SuiteScript – Modify Item Groups Server-Side

If you follow me, you know I’m working on item groups and discovering they are quirky! The same code run from the client-side will not work from the server-side. I recently posted notes about working with Item Groups from the client. As I continued to write client-side SuiteScript, I realized it was not as performant as I would have liked. 

Here are the differences when handling Item Groups between client-side & server-side:

  1. Client-side, to delete an item group you delete the “Item Group”, all sub-items, and the “End of Item Group” item. They are treated just like other item types.
  2. Client-side, to add an item group you add all lines back exactly as they were removed. Add the group, all sub-items and also the trailing end of group. In my previous post, I noted that in order to accomplish this you needed to look up the Item Group definition to get the list of sub-items.
  3. Server-side, you cannot delete the “End of Item Group” item. It throws an error. You delete the “Item Group” and all sub-items and “End of Item Group” go too!
  4. Server-side, when you add an “Item Group” all sub-items and the “End of Item Group” item are added for you. There is no need to look up sub-items. So adding one item, can actually add many lines. However, if you’ve modified anything in the item group, there is no mechanism to remember your changes when you add the group back. It comes back as though it is being added for the first time (which it is).

One more caveat, Item groups are editable. So let’s look at the scenario where you are rearranging a transaction. Keep in mind, some financial transactions are locked and cannot be rearranged. However, a transaction like an estimate which has not become a sales order can be rearranged as follows (meaning reordering line items).

This is my algorithm for doing this from server-side code.

  1. Remove all sublist items from bottom to top.
  2. When you encounter an “End of Item Group” (identified by checking internalId == ‘0’), stop deleting until you reach the “Item Group”. When you delete it, all subsequent lines in the group will be deleted along with it.
    Server-Side Delete
  3. When adding items back, do this from top down.
  4. When add lines and you encounter an “Item Group”, stop and remove all items in the group, with the exception of the “End of Item Group”. That cannot be deleted.

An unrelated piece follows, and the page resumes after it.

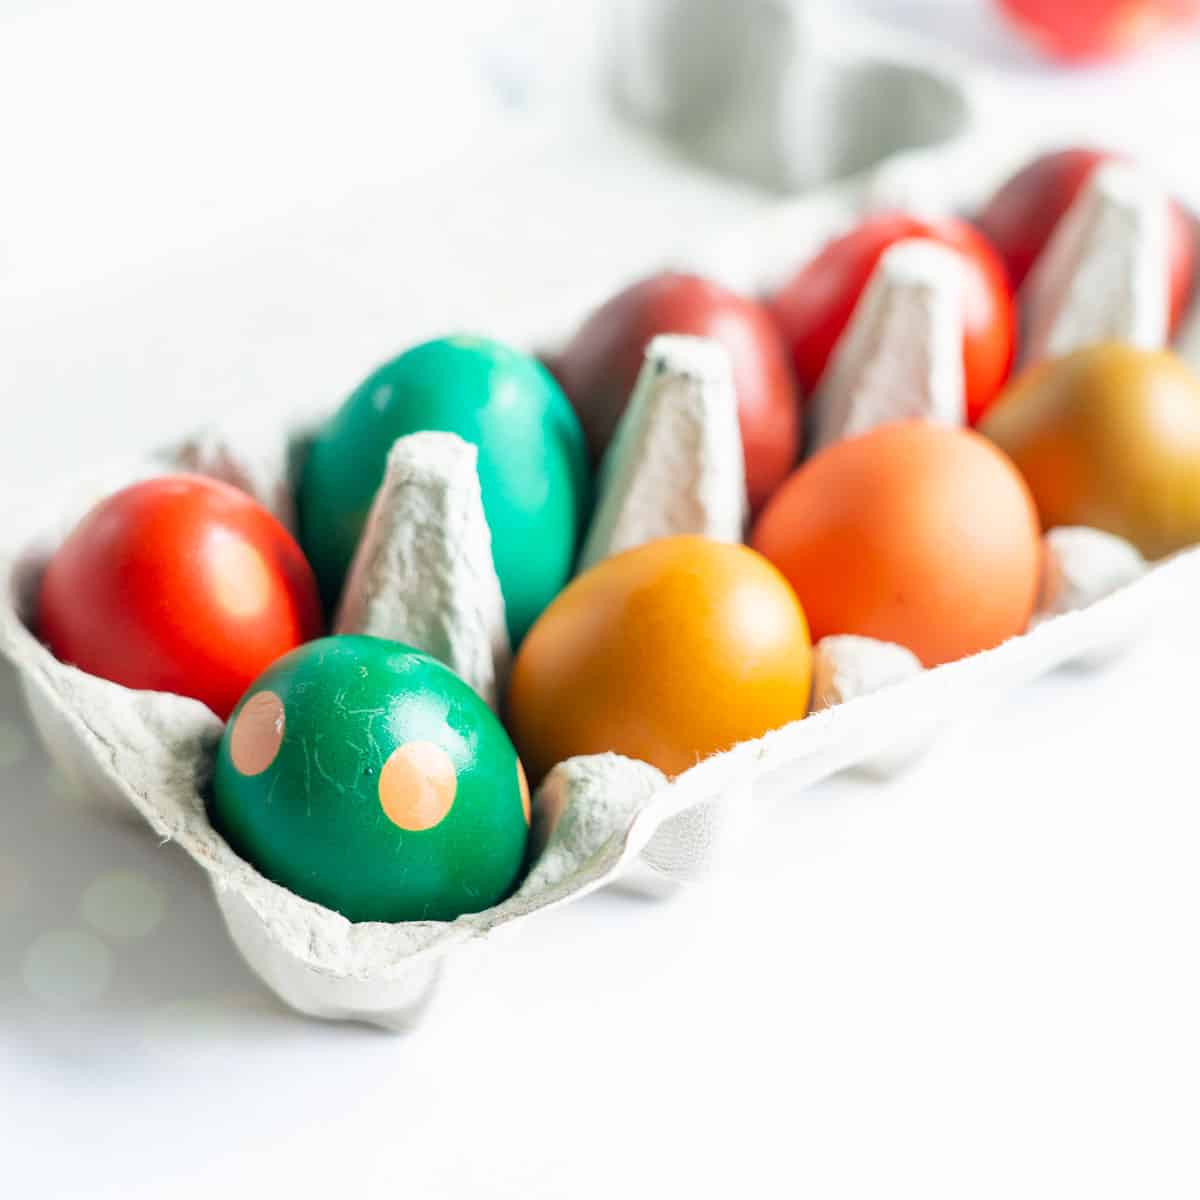 Coloured eggs in an egg carton on a white bench top.

After the delete completes, the last line is the “End of Item Group” and the line above it is the “Item Group”. The group is empty!
  5. Then INSERT all sub-items back into the group. In essence, you are re-filling the group with its’ sub-items. Why? In my scenario, it is possible that items in the group have been modified/added/removed since the group was originally added to the transaction.
    Server-Side Add

So that’s it in a nutshell.

My project required an algorithm to reorder items in an estimate. I originally performed this operation client-side. However, it was not performant on lengthy transactions. To fix this, I’m now calling a RESTlet (server-side) to handle all the removal and adding back of line items.

In my sandbox, I was able to take a transaction with 50+ lines that ran over 1 minute and it completed in ~10 seconds. For a transaction with 1-5 items, you could probably get away with running your code client-side.

Hope this saves you some time. I know it took a lot of experimentation for me to get over this speed-bump!